PlateImageReference objects most precisely reference images, as they contain data set, well location, site location and channel information. If a set of PlateImageReference objects is passed to fetch_images(), image size can be set using the thumbnails or image_size arguments and image file type can be forced to png using the force_png switch. Most fine-grained control over the returned images is achieved by using ImageRepresentationFormat objects. Pre-defined format objects can be retrieved per data set by calling list_image_metadata() with type set to format. General image meta data, such as tile layout and channel information is returned by list_image_metadata() if the type argument is left at default value metadata.

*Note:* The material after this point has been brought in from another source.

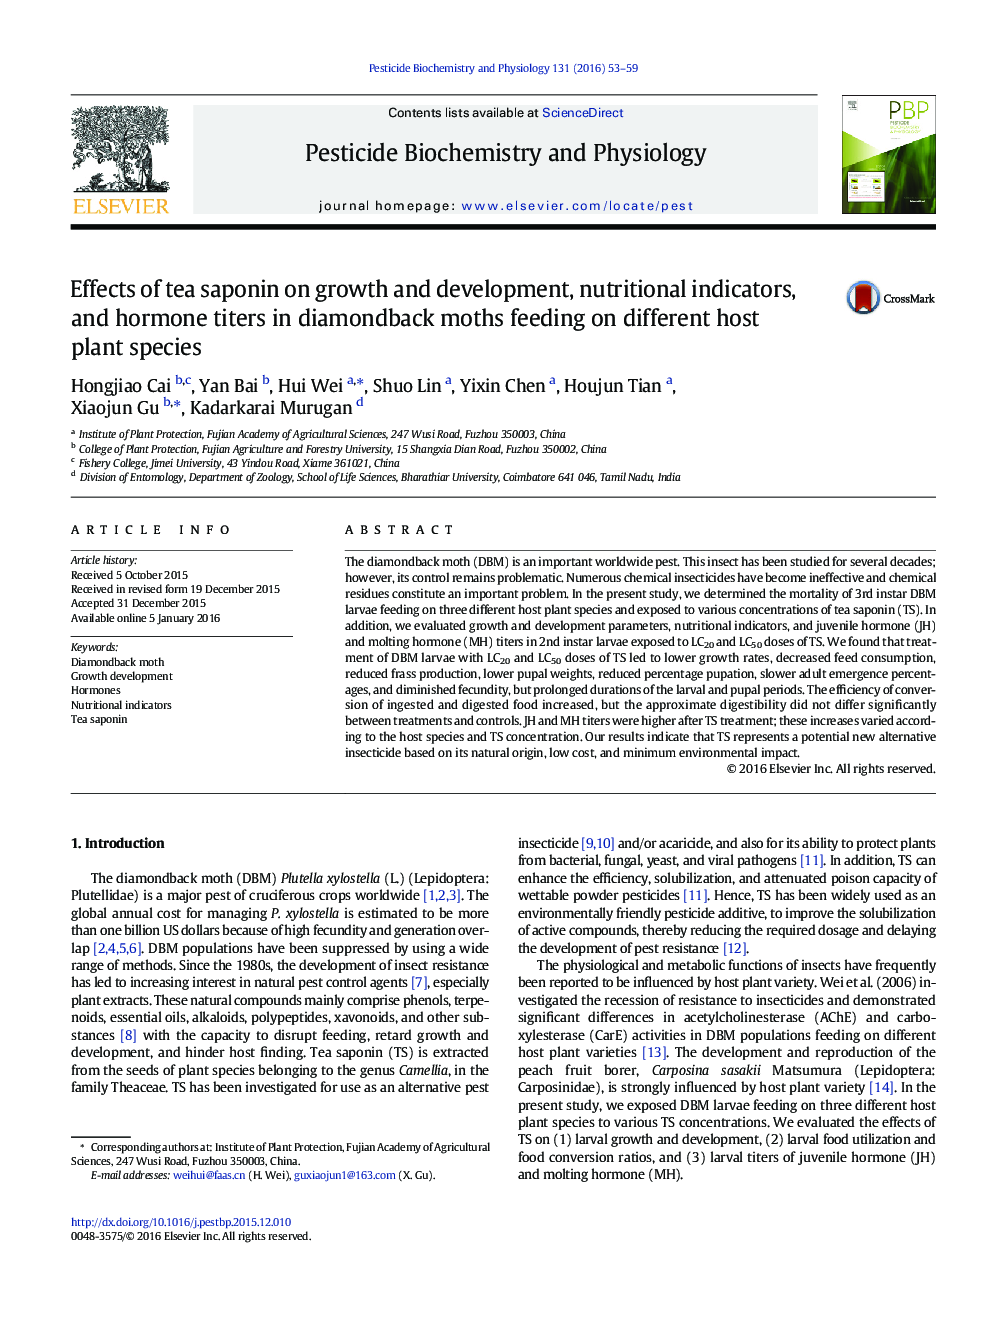 اثر ساپونین چای بر رشد و توسعه، شاخص های تغذیه ای و شاخص های هورمونی در پروتئین های گیاهی

Two types of objects are central to specifying feature data sets: FeatureVectorDatasetReference and FeatureVectorDatasetWellReference where the former object type references feature data for an entire plate and the latter for individual wells on a plate. Both object types may be passed to fetch_features() which returns objects of type FeatureVectorDataset whenever a full plate is requested and FeatureVectorWithDescription for individual wells. Features are selected by passing a character vector of feature codes as feature_codes argument, the possible values of which can be enumerated for a feature vector data set by calling list_feature_codes() or by extracting the code entries from FeatureInformation objects as retrieved by list_features(). In case the feature_codes argument is left at default value (NA), all available features are returned by fetch_features().